Drop the pictures and extract exactly the lines from the one that contains "Set of 6 Green" through the end of the material.

--- Collected data Enclosed Below ---

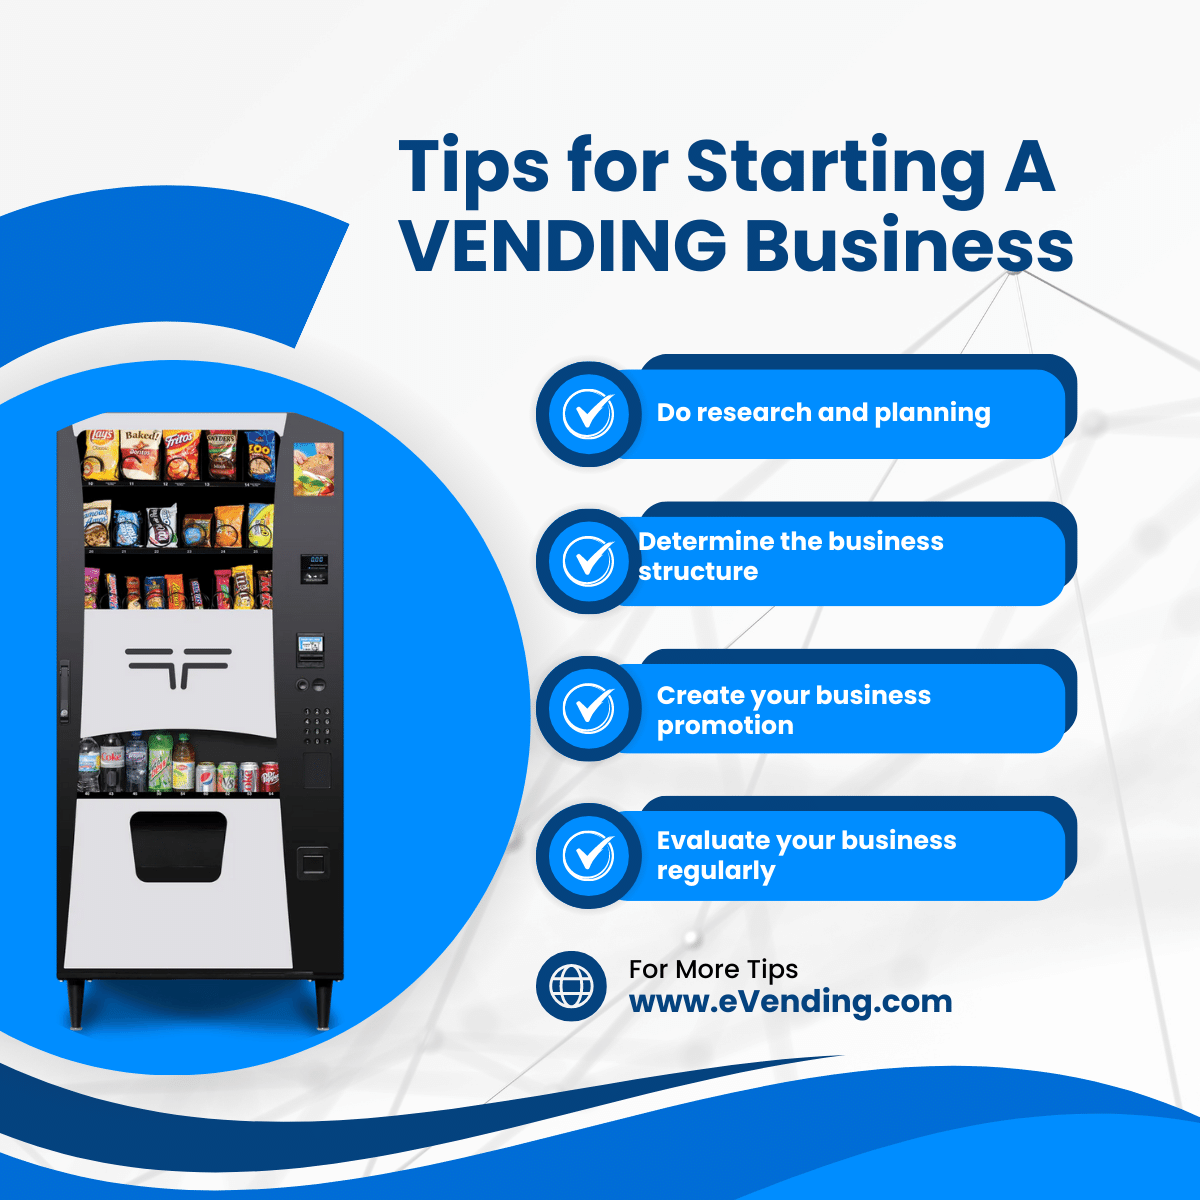 VENDING MACHINES MIGHT BE THE START OF A BRAND NEW BUSINESS FOR YOU
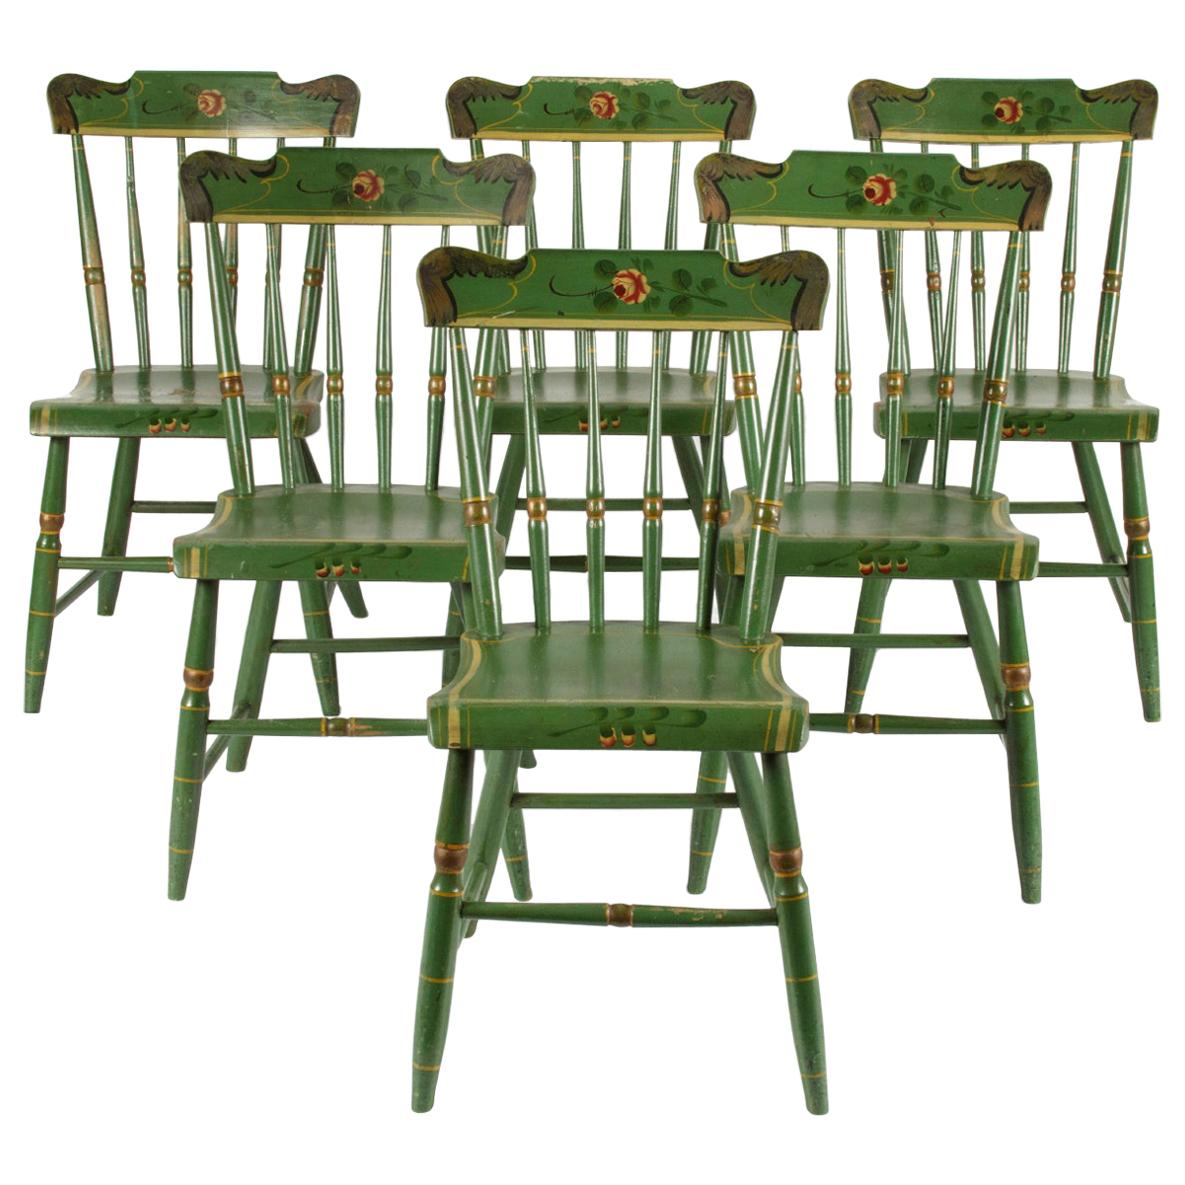 Set of 6 Green Plank-Seaded Spindle-Back Chairs with Rose Decoration
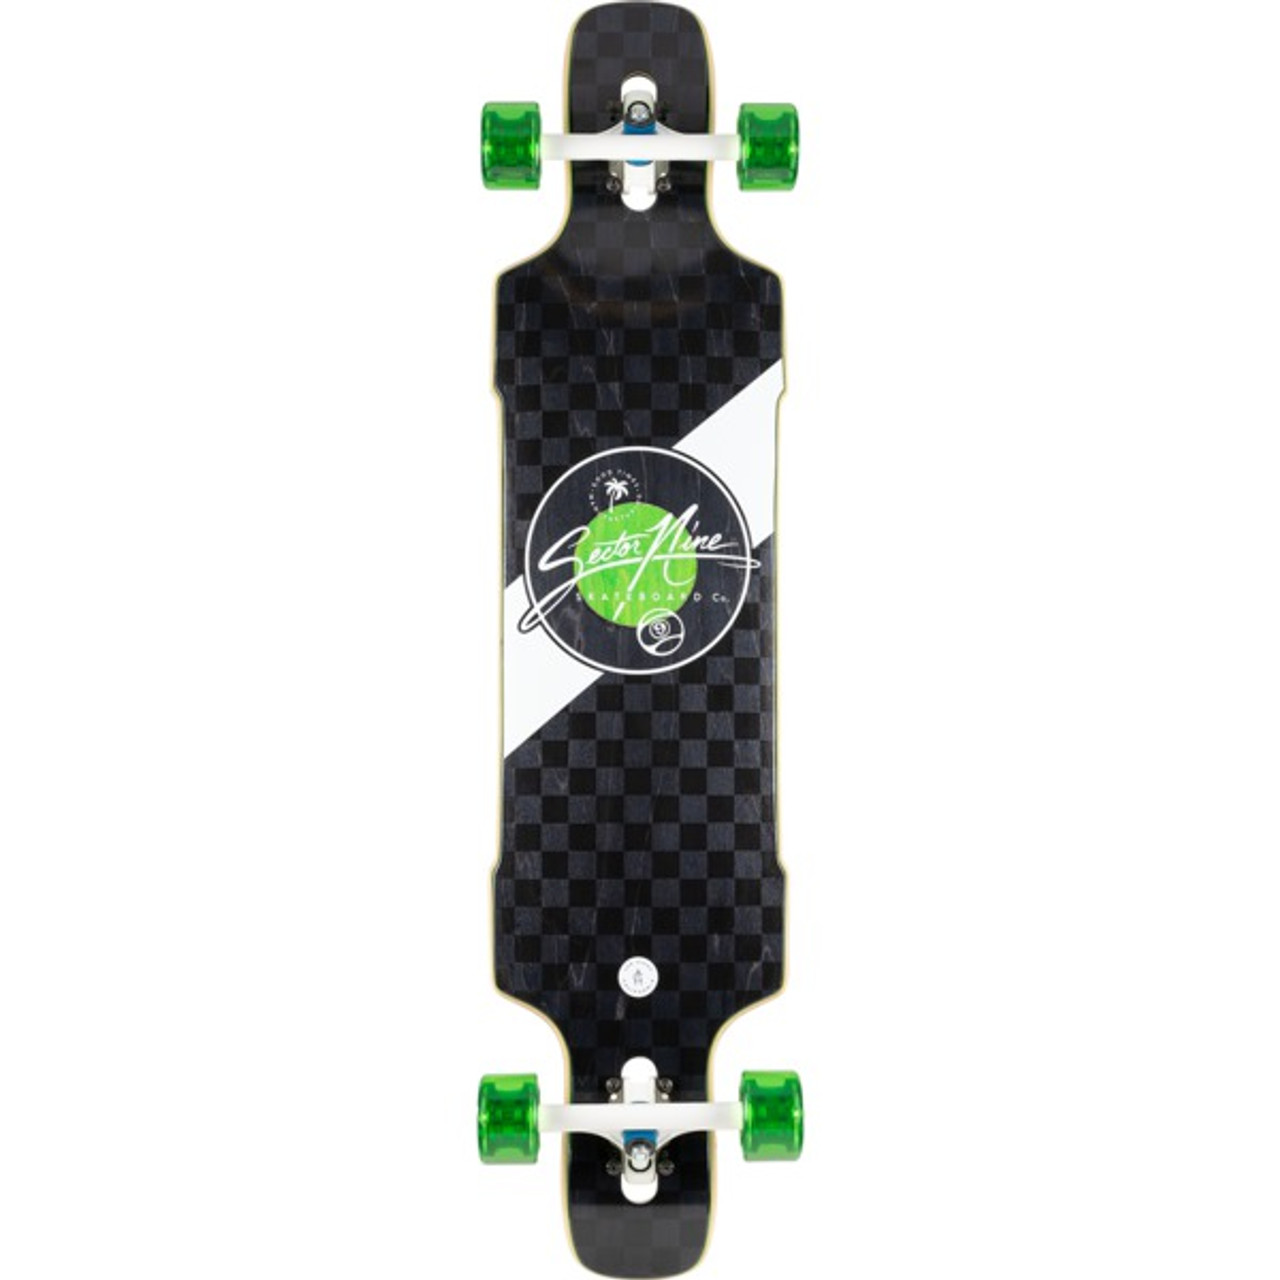 Sector 9 Mosaic Dropper Skateboard Complete White Green 9.62x41

--- End of Enclosed Collected data ---

> [Result of the task]
 Set of 6 Green Plank-Seaded Spindle-Back Chairs with Rose Decoration
 Sector 9 Mosaic Dropper Skateboard Complete White Green 9.62x41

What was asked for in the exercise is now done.